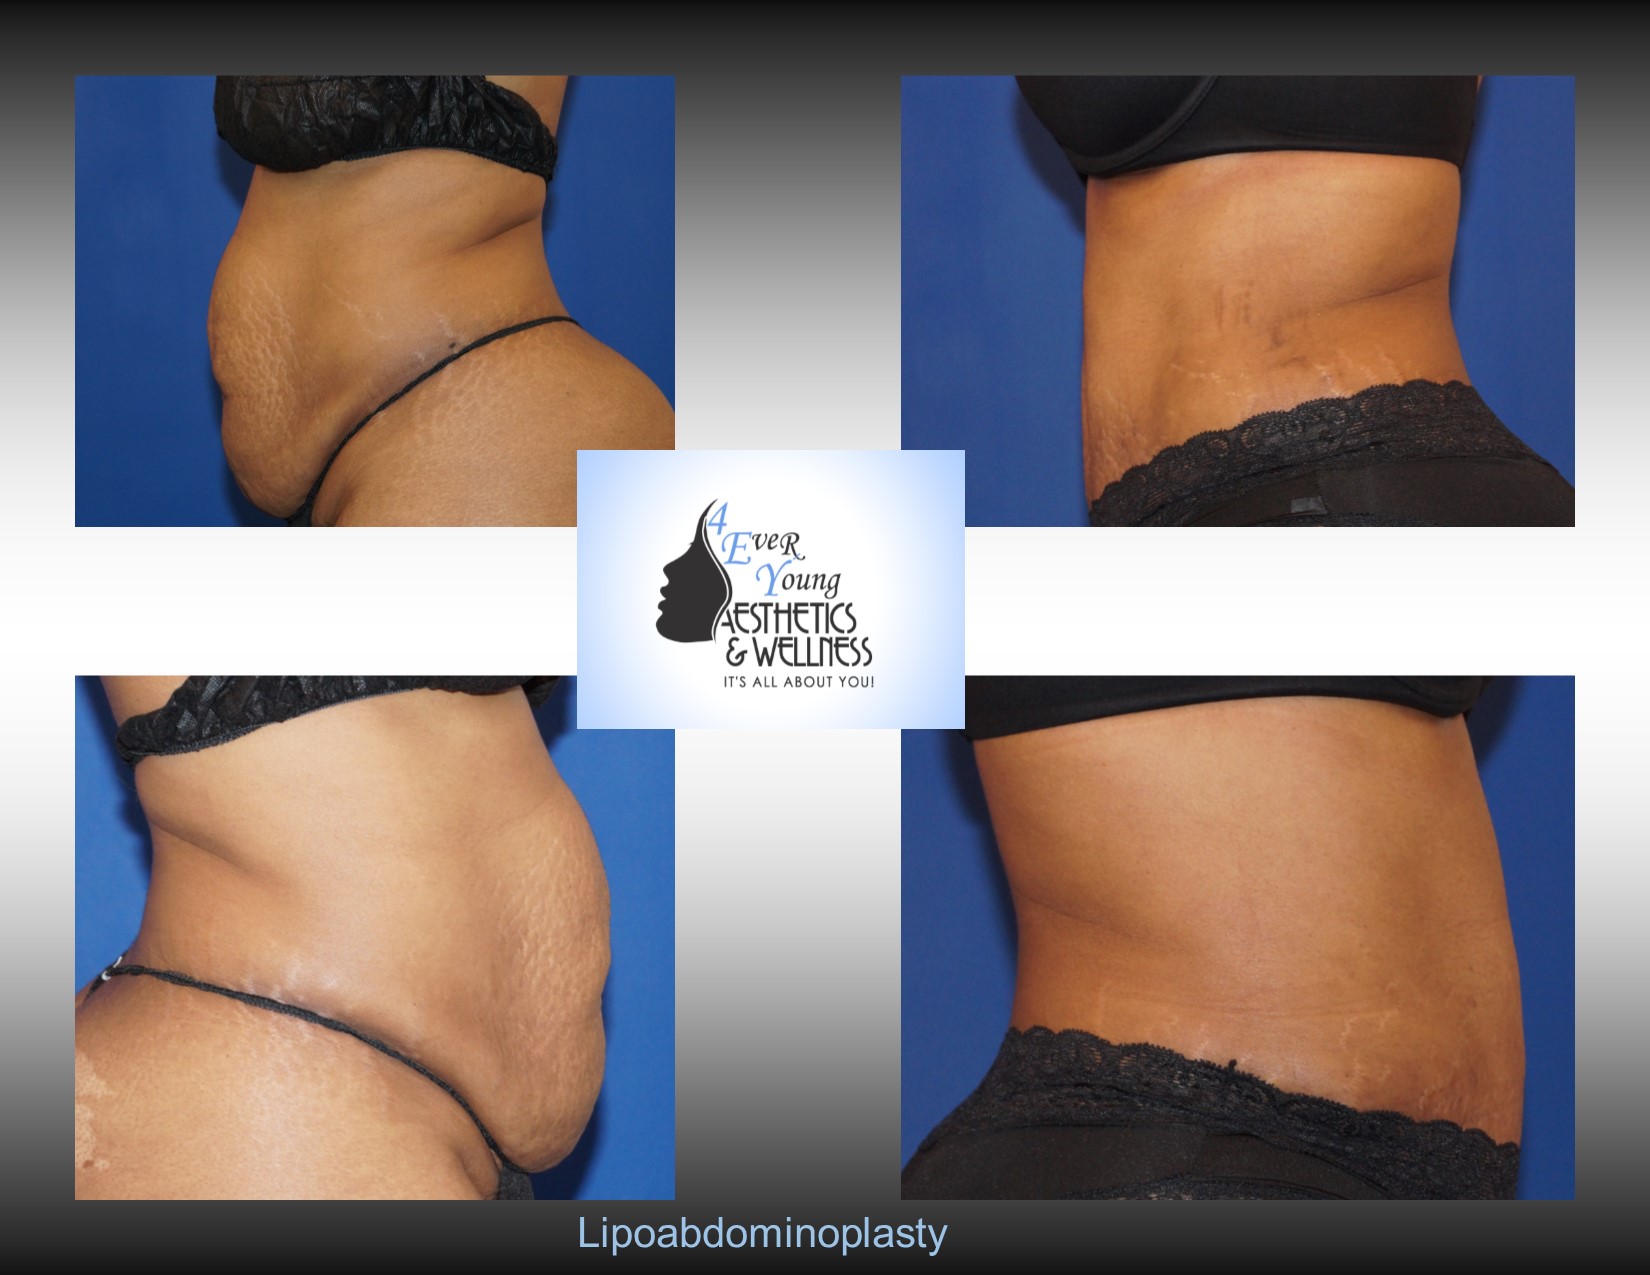 Tummy Tuck Atlanta, Tummy Tuck, also known as abdominoplasty, lipoabdominoplasty, liposuction tummy tuck, is a procedure to that corrects a rectus diasthasis and removes excess or poor quality skin from the abdomen. We combine our tummy tuck with liposuction in order to contour the body resulting in a flat stomach with scars that are placed low in the bikini line. Our liposuction is accomplished by either traditional tumescent liposuction, laser liposuction (Smartlipo), vaser liposuction with the use of a power assisted liposuction handle to remove fat more thoroughly and rapidly. We use abdominal liposuction, flank liposuction, back liposuction, arm liposuction, thigh liposuction and ankle liposuction to remove unsightly fat from problem areas with our tumescent liposuction procedures with or without sedation. If you desire we use autologous fat transfer (fat grafting) to use the fat obtained as the most natural dermal filler unlike synthetic fillers (Restylane, Juvederm, Sculptra, Radiesse, Belotero, Perlane) to improve fine lines and wrinkles of the face, hand rejuvenation with fat, fat transfer to breast, Brazilian Butt Lift (Butt Augmentation), liposculpture, lip augmentation with fat.  Fat transfer to the breast can be a great alternative to breast augmentation, saline implants, silicone implants, breast augmentation with mastopexy or just to improve volume in the upper pole of the breast. Our autologous fat transfer is second to none and we utilize Platelet-Rich Plasma (PRP) which helps stabilize the fat transfer faster by promoting blood vessels to grow into the fat grafting. Most people think that a Brazilian butt lift (BBL) is a plastic surgery procedure but instead it is a cosmetic surgery procedure strictly performed for enhancement of the buttock area to transform your butt into the big Brazilian butt and replicate the popular Brazilian ass that Brazilian butt women have been getting Brazilian butt lifts to have for years.  As part of our mommy makeover packages you can combine a Brazilian ass with a tummy tuck and/or breast augmentation with a mastopexy, which is more commonly associated with a mommy makeover, brazilian butt lift atlanta, atlanta brazilian butt lift, liposuction plastic surgery, liposuction, laser liposuction. fat grafting, brazilian ass, brazilian butt women, fat transfer, botox, plastic surgery, cosmetic surgery, plastic surgeon, cosmetic surgeon
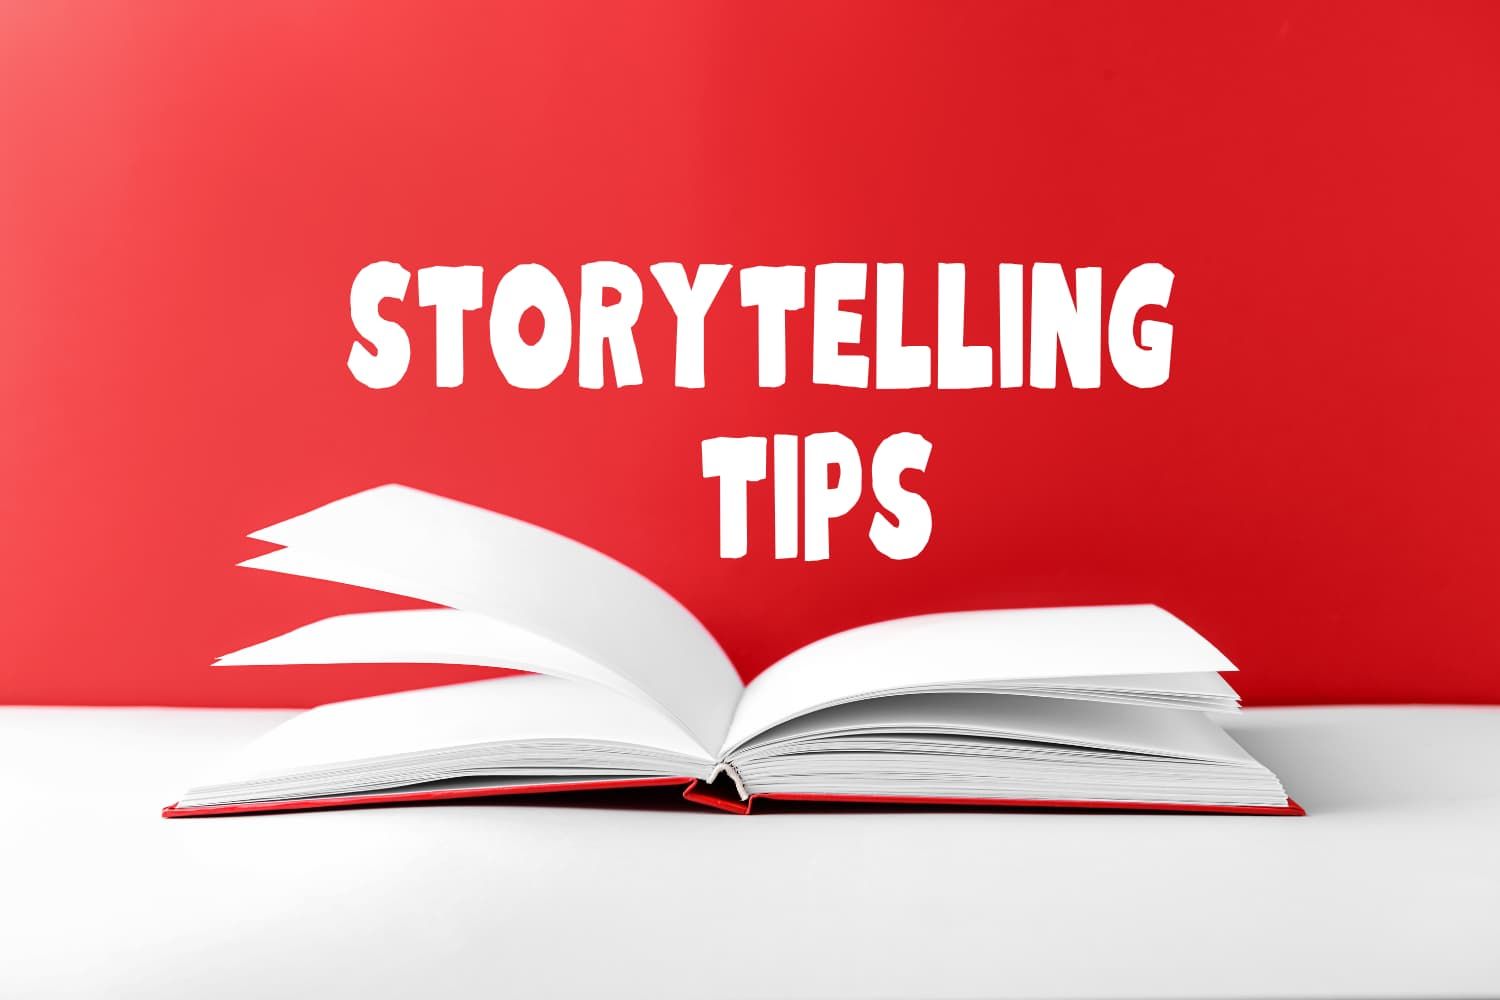 Storytelling%20tips%20-%20NT%20The%20pharisee%20and%20the%20tax%20collector%20-%20Teaching%20the%20parable%20of%20the%20tax%20collector%20and%20pharisee-bb2ec4e5 Jesus - His parables
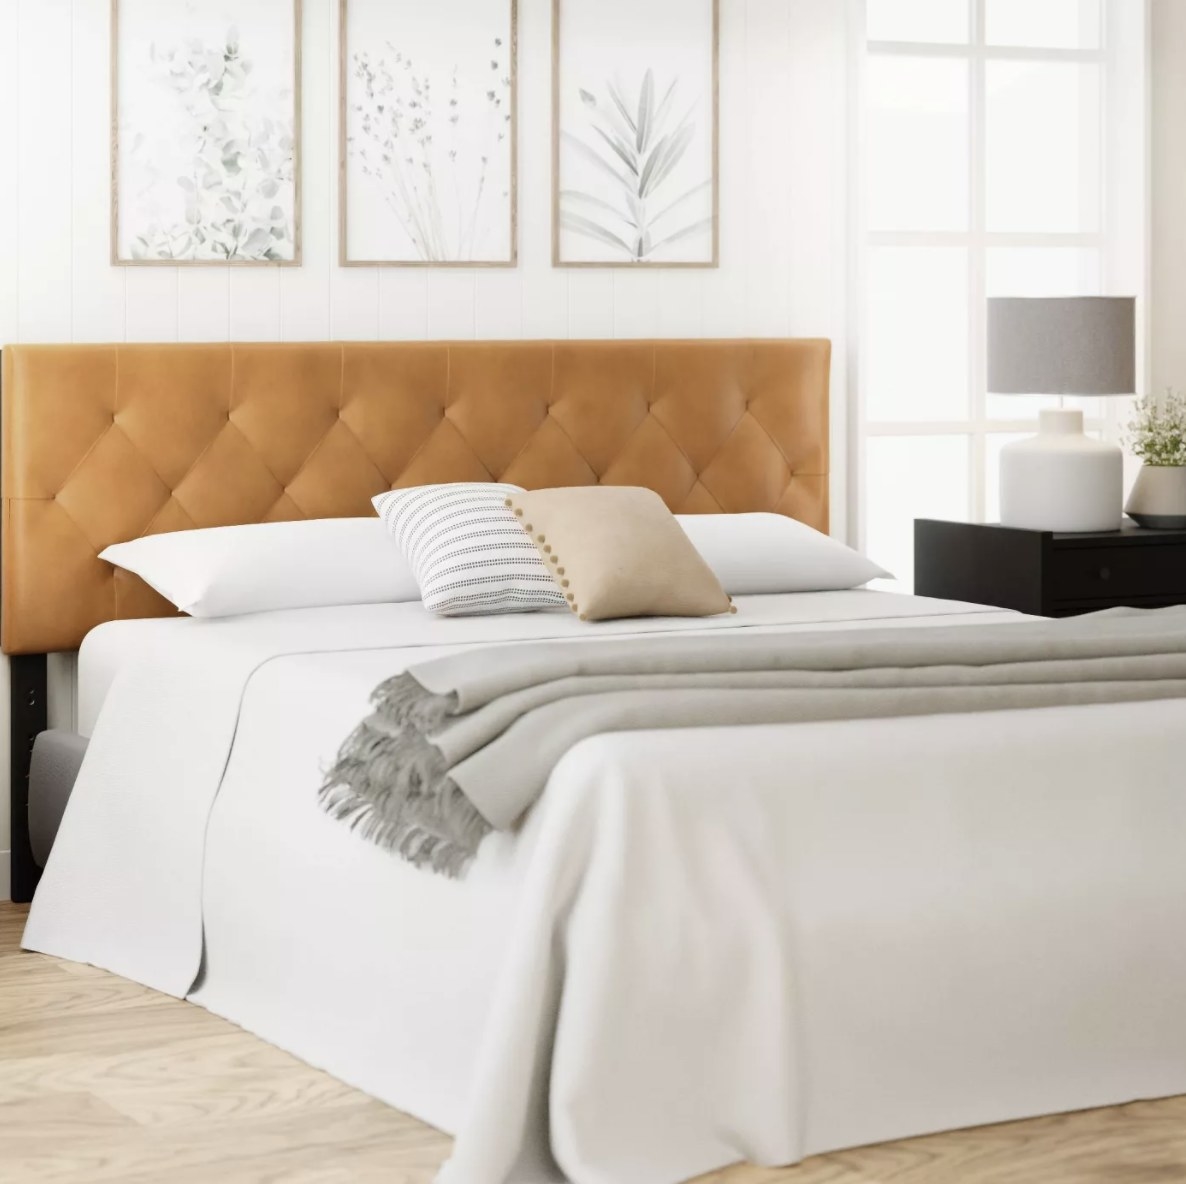 The light brown headboard has diamond shapes from the faux leather detailing and pops against a mostly white bed and room

---------------

» Directions:
Pictures are to be omitted. Print exactly the lines from the line containing "- His parables" through the final line of the material above, both included.

» Answer:
 Storytelling%20tips%20-%20NT%20The%20pharisee%20and%20the%20tax%20collector%20-%20Teaching%20the%20parable%20of%20the%20tax%20collector%20and%20pharisee-bb2ec4e5 Jesus - His parables
 The light brown headboard has diamond shapes from the faux leather detailing and pops against a mostly white bed and room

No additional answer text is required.